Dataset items
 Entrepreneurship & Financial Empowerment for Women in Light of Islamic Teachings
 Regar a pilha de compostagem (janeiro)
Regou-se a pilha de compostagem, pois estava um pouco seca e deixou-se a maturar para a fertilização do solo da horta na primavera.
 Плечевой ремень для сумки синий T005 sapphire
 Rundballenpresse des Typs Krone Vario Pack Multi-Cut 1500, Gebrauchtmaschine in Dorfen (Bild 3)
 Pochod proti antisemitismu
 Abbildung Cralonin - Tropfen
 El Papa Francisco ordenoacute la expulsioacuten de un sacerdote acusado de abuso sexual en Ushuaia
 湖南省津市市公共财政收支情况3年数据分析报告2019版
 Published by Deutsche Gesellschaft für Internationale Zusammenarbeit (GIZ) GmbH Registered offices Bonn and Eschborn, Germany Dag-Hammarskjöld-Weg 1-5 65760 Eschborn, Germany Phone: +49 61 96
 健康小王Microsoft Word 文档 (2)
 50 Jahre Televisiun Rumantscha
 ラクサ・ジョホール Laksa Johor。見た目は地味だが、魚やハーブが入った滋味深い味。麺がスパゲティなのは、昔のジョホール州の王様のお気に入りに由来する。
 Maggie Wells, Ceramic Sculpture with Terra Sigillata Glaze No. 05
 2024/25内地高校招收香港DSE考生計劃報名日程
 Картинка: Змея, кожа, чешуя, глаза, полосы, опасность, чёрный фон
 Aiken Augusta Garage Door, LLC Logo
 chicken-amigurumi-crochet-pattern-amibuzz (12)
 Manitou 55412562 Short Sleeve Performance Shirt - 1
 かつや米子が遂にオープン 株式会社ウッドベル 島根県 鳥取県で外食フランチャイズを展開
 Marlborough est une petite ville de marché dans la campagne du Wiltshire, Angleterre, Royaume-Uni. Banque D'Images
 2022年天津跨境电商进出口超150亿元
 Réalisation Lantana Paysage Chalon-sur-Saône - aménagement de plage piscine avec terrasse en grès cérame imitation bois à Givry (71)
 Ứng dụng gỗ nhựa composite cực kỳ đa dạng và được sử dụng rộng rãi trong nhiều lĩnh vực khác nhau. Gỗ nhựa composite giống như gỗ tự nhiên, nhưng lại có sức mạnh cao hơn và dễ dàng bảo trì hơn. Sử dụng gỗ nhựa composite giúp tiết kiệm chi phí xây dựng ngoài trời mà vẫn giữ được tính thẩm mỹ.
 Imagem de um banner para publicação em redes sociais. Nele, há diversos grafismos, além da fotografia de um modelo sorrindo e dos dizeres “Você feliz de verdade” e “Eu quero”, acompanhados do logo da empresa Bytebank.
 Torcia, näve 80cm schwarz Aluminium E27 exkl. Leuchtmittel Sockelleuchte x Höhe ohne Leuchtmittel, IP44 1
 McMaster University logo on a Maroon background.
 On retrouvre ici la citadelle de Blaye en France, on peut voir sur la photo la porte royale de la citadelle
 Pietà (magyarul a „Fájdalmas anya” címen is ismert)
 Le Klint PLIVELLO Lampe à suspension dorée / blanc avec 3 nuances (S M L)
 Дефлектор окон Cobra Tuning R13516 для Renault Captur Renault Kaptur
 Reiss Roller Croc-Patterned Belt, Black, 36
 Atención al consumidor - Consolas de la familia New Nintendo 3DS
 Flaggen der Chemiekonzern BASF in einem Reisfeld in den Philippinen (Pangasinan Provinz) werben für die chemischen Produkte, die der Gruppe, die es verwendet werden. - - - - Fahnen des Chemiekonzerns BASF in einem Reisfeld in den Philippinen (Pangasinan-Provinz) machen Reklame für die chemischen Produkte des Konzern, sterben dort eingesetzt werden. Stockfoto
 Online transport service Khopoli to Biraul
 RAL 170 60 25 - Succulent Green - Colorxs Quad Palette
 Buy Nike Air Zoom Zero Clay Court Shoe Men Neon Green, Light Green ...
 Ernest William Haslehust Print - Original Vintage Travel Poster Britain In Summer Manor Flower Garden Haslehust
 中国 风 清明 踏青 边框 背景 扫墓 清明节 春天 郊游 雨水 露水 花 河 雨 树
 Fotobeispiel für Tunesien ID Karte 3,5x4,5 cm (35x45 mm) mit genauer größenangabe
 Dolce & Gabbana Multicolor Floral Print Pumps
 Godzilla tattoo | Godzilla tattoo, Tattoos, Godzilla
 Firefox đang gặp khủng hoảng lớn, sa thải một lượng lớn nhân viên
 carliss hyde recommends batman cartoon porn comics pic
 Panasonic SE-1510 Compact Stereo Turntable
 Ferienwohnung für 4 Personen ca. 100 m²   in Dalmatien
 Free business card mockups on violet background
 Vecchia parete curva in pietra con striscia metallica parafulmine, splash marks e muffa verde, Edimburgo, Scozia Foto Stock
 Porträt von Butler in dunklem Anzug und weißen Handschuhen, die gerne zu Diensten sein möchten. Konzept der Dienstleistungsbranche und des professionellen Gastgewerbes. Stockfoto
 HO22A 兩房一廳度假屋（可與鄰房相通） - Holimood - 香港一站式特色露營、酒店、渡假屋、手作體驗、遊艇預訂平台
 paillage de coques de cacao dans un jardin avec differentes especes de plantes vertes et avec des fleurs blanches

[DIRECTIONS FOR THIS TASK]: The line with "湖南省津市市公共财政收支情况3年数据分析报告2019版" marks the end; reproduce exactly every line from the start of the entries up to it, that line included.

[YOUR RESPONSE]:
 Entrepreneurship & Financial Empowerment for Women in Light of Islamic Teachings
 Regar a pilha de compostagem (janeiro)
Regou-se a pilha de compostagem, pois estava um pouco seca e deixou-se a maturar para a fertilização do solo da horta na primavera.
 Плечевой ремень для сумки синий T005 sapphire
 Rundballenpresse des Typs Krone Vario Pack Multi-Cut 1500, Gebrauchtmaschine in Dorfen (Bild 3)
 Pochod proti antisemitismu
 Abbildung Cralonin - Tropfen
 El Papa Francisco ordenoacute la expulsioacuten de un sacerdote acusado de abuso sexual en Ushuaia
 湖南省津市市公共财政收支情况3年数据分析报告2019版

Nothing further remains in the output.